START Data
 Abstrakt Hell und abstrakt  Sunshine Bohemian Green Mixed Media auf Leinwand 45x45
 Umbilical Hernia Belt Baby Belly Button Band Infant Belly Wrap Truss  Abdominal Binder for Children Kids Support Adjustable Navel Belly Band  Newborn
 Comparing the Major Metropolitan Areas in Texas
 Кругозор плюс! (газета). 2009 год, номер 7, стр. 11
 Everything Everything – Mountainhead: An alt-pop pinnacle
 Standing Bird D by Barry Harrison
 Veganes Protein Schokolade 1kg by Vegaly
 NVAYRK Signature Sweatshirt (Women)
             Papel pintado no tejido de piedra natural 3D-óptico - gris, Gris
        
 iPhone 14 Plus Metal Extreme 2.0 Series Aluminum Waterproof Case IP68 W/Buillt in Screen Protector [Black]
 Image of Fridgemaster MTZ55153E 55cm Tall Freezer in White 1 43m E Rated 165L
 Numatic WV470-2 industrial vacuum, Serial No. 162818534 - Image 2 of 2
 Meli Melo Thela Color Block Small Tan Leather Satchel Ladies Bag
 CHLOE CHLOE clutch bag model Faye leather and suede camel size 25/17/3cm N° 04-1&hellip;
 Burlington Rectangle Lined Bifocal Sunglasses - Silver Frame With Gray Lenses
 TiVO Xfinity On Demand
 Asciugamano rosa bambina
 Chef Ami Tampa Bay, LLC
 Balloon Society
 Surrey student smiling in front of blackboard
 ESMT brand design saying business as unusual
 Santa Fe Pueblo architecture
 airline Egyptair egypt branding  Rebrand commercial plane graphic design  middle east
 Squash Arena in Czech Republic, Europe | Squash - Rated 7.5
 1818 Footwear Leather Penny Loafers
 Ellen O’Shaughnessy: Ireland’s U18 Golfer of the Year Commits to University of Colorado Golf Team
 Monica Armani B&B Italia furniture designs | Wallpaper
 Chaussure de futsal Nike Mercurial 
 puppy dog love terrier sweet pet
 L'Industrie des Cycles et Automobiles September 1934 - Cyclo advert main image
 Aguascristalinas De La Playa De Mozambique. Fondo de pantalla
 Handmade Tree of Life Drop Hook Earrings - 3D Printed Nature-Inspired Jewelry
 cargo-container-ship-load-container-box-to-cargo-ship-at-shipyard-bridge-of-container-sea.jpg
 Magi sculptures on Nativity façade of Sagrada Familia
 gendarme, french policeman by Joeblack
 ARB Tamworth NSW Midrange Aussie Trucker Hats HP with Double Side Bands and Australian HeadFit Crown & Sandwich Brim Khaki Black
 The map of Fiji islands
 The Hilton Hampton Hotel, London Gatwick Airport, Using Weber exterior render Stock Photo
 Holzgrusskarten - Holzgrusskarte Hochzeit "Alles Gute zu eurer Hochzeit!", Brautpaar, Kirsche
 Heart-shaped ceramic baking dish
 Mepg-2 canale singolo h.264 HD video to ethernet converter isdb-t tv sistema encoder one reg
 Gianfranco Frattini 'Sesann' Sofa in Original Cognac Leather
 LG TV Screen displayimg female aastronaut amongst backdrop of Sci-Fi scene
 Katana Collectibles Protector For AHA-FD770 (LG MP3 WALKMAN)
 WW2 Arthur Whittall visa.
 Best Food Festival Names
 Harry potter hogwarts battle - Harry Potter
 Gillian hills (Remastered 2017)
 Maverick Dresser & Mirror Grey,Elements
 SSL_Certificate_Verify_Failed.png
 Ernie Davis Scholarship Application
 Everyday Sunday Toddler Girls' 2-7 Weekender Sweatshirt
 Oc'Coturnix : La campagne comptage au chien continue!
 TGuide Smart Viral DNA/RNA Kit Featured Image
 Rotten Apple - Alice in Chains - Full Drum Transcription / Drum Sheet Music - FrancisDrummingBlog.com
END Data
* _How to complete this task_
Your answer should be a single number: how many lines of the listing hold the string "Screen".

* _Response box_
2